Dallas Quadriplegic Crash Victim Wins $37.6 Million in Seat Belt Suit

A jury has awarded $37.6 million to a Dallas woman who was left paralyzed from injuries caused by a poorly designed seat belt system in a Honda minivan that rolled over in a collision in Dallas in 2015, according to a post on the website of Androvett Legal Media.

Sarah Milburn, 27, was a passenger in a Honda Odyssey that was hit broadside by a pickup truck on Nov. 15, 2015, causing the van to roll over onto its side and top. Milburn, who was a passenger in the third-row middle seat, suffered a broken neck and was left a quadriplegic, with very limited use of her arms and hands.

Milburn sued American Honda Motor Co. Inc. of Torrance, California, a subsidiary of Honda Motor Co., Ltd., claiming Honda’s design for the seat belt in the third row’s middle seat is defective. Specifically, the seat belt is a two-part system requiring the user to grasp a detachable shoulder strap from the van’s ceiling, anchor it to the seat and then pull the belt across the user’s hips and buckle it.

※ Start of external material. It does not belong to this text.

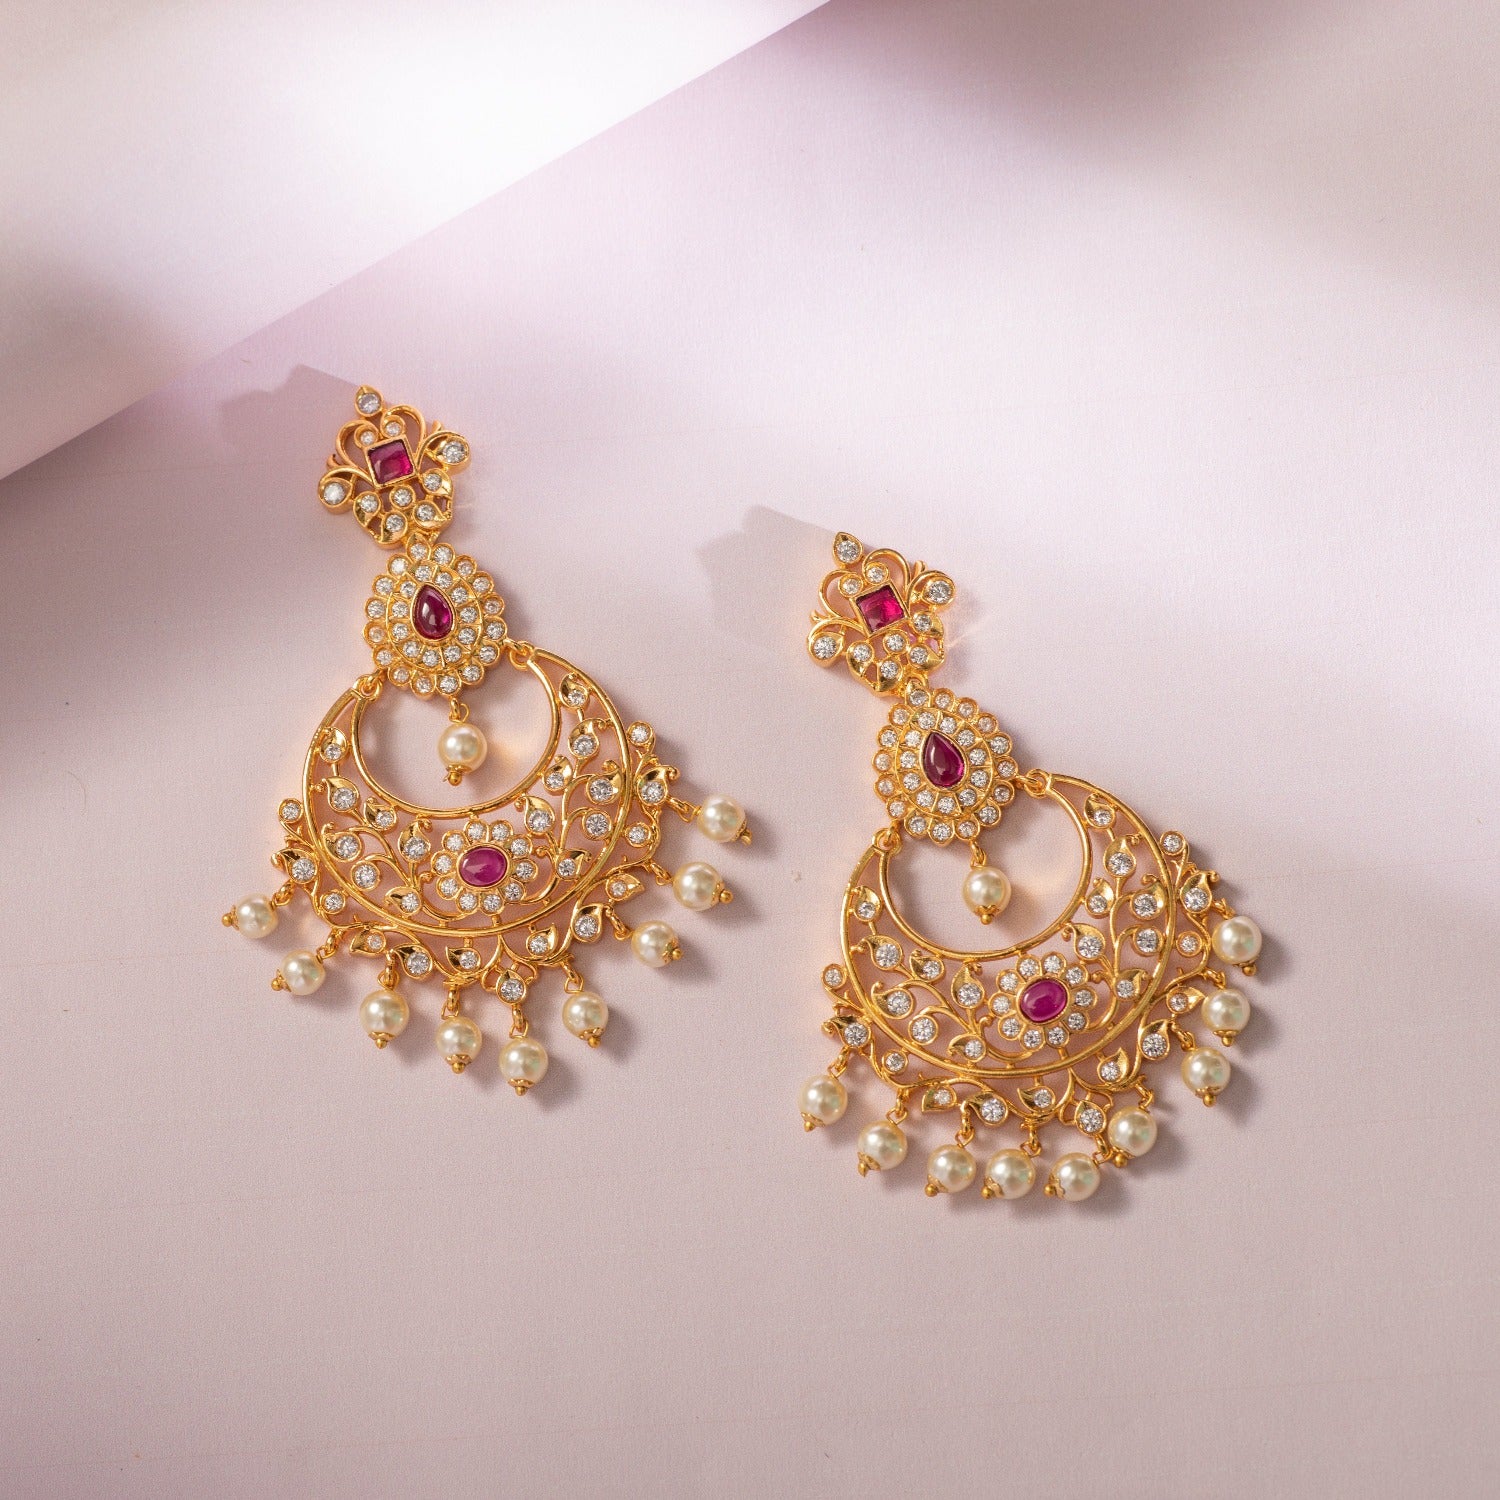 atjewels Peacock Stud Earrings in Multi Shape CZ and Pink Sapphire wit –  atjewels.in

In independent testing, an expert showed the jury that fewer than 10 percent of people who were unfamiliar with the van’s two-part seat belt system were able to use it properly.

“What the jury understood is that it’s not enough to just equip a car with seat belts. The carmaker also has to make sure people can and will use them safely,” said attorney Charla Aldous of Aldous\Walker in Dallas, who along with Brent Walker represented Milburn at trial. “Sarah put the seat belt on the same way 50 out of 53 people in our studies did and wearing it that way was actually more dangerous than having no seat belt at all.”

Milburn also was represented by attorney Jim Mitchell of the PayneMitchell Law Group in Dallas.

The jury verdict includes a finding that the regulations governing seat belts in passenger cars were inadequate to protect the public from harm. The family is hopeful the finding will lead to the creation of “Sarah’s Law,” which would forbid automakers from using this seat belt system in the future, according to the Androvett post.

The case is Sarah Milburn v. American Honda Motor Co. Inc., number DC-16-16470 in the 116th Civil District Court in Dallas County, Texas.